Punishments Rise as Student Protests Escalate

Punishments Rise as Student Protests Escalate

Some college administrators are increasingly punishing student activists with suspensions, expulsions and arrests…

The actions of the students and the college administrators resemble campus climates during the Civil Rights Movement, Vietnam War and the apartheid era in South Africa… What has changed is the pressure politicians and donors now exert on college leaders to support a particular viewpoint

by Kathryn Palmer, reposted from Inside Higher Ed, April 15, 2024

Six months after the Israel-Hamas war set off a new wave of campus activism in the United States, students are still protesting in full force. And at some institutions administrators are responding to student demonstrators—especially supporters of Palestinians—with increasingly harsh discipline.

In late March, Vanderbilt University police arrested four students and a local journalist after protesters took over the chancellor’s office, demanding the administration restore an Israeli divestment-related amendment removed from the student government ballot. Three students were subsequently expelled and others received suspensions or disciplinary probation.

Less than two weeks later in California, 20 students were arrested at Pomona College — and some have since been suspended—after masked protesters from the Pomona Divest from Apartheid coalition stormed the president’s office and allegedly hurled a racial slur at an administrator.

And on Saturday, the Students for Justice in Palestine chapter at Rutgers University at New Brunswick said in a statement that it was cancelling a walkout “in solidarity and remembrance of the people of Gaza who no longer have any universities left,” planned for Monday, after administrators reportedly warned them of possible suspension or even expulsion if the protest went forward.

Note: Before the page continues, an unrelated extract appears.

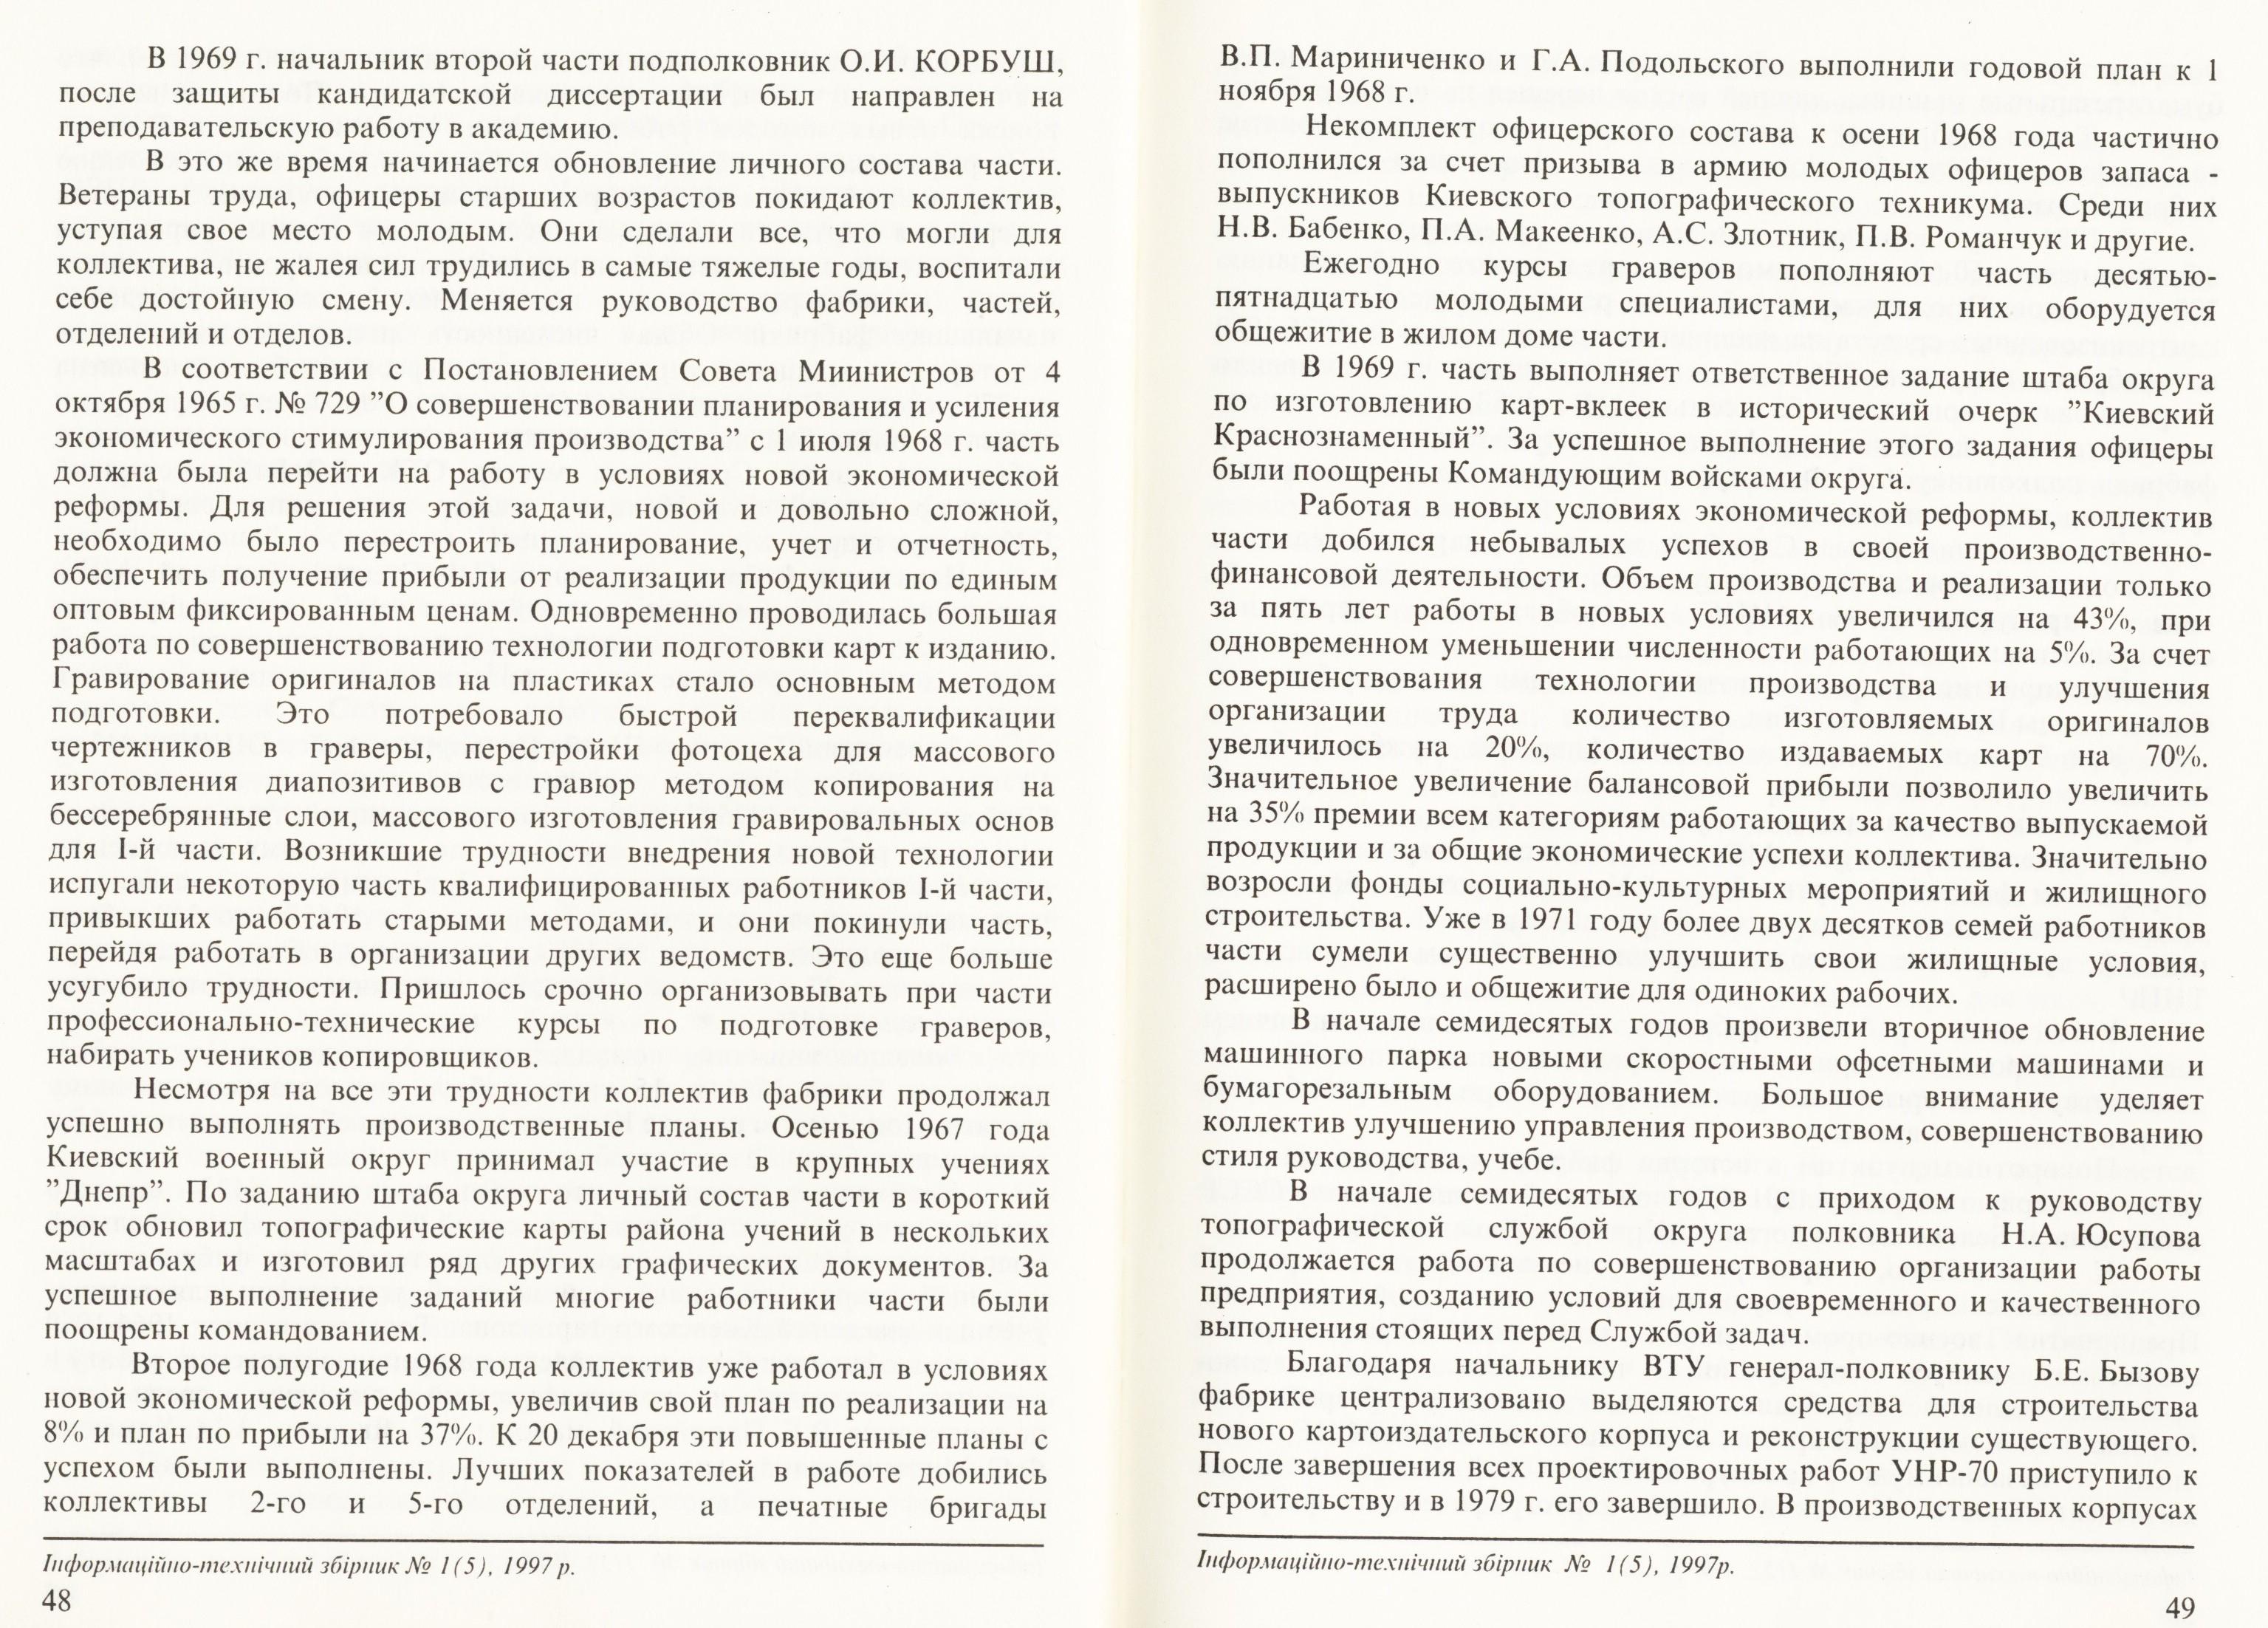 http://s8.uploads.ru/U0QoT.jpg

In some ways, the actions of the students and the college administrators resemble campus climates during the Civil Rights Movement, Vietnam War and the apartheid era in South Africa, among other eras of social upheaval. What has changed, however, is the pressure politicians and donors now exert on college leaders to support a particular viewpoint.

‘Outside Pressures’

“The outside pressures are real, larger than they’ve been in my memory and are going to continue to build,” said Tom Ginsburg, a law professor at the University of Chicago and faculty director of the university’s Forum for Free Inquiry and Expression. He noted that incidents of students shouting down campus speakers with whom they disagree in recent years is part of the larger context.

“That’s been building and it’s changed the academic culture in a bad way,” Ginsburg said. “We’re seeing some backlash against that and university leaders are caught in the middle.”

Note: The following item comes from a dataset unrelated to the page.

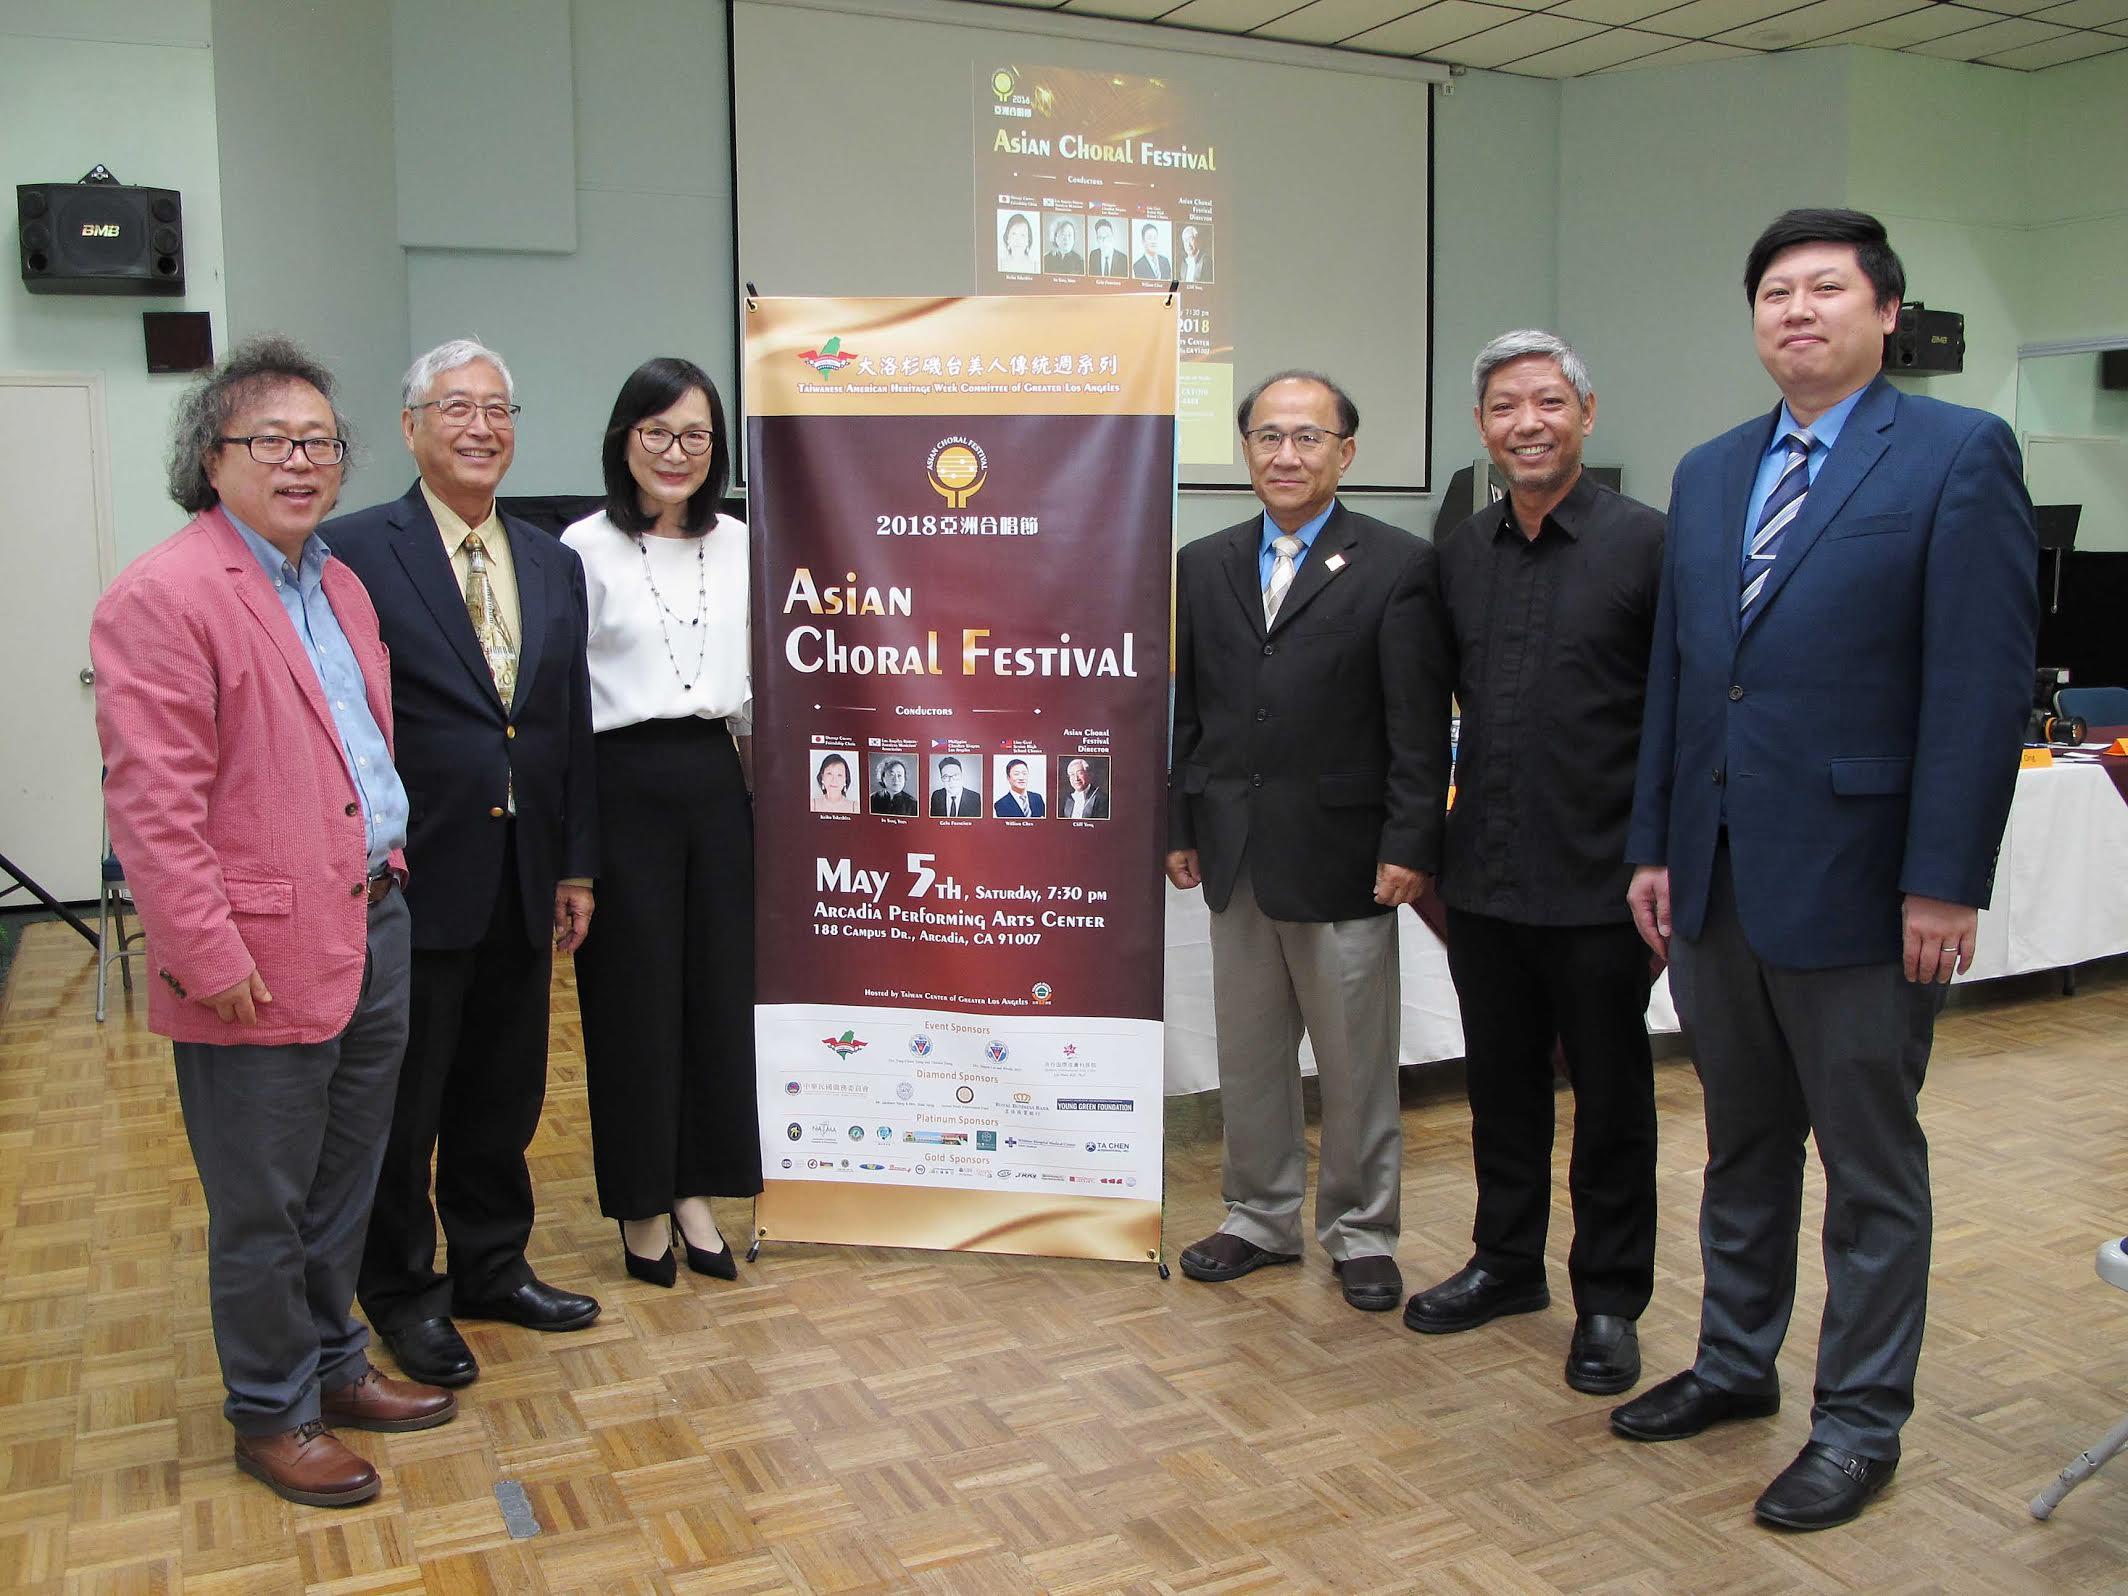 2018 Asian Chral Festival

The intensified pressure on university leaders is likely to be on display Wednesday on Capitol Hill, where Minouche Shafik, president of Columbia University, and the co-chairs of its Board of Trustees will testify before the House Education and Workforce Committee about the university’s response to antisemitism.

The presidents of the University of Pennsylvania, MIT and Harvard University testified before the same committee in December, and were criticized for equivocating on questions about whether calls for the genocide of Jewish people violated university code of conduct policies.

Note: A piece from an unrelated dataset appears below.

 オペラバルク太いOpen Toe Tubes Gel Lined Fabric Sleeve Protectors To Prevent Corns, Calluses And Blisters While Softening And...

By January, Penn and Harvard’s presidents had resigned.

“Politicians, having gotten two Ivy League university presidents fired, see great merit in keeping this issue alive and are using the moment to turn to other longstanding goals, one of which is attacking DEI bureaucracies,” Ginsburg said. “The issue now is well beyond Israel and Palestine. It has to do with whether universities can actually govern ourselves in ways that accomplish our mission or if we will be continually subjected to restrictions from the government along with the other pressures we face from society.”

In the lead-up to Columbia’s turn in the hot seat this week, Columbia earlier this month suspended students who held an unauthorized panel discussion called “Resistance 101” that featured speakers from the pro-Palestinian groups Within Our Lifetime, Masar Badil and the Samidoun Palestinian Prisoner Solidarity Network.

Shafik, Columbia’s president, said in a statement that the speakers are “known to support terrorism and promote violence,” characterizing the event as “an abhorrent breach of our values.”


Kathryn Palmer is a general assignment reporter for Inside Higher Ed.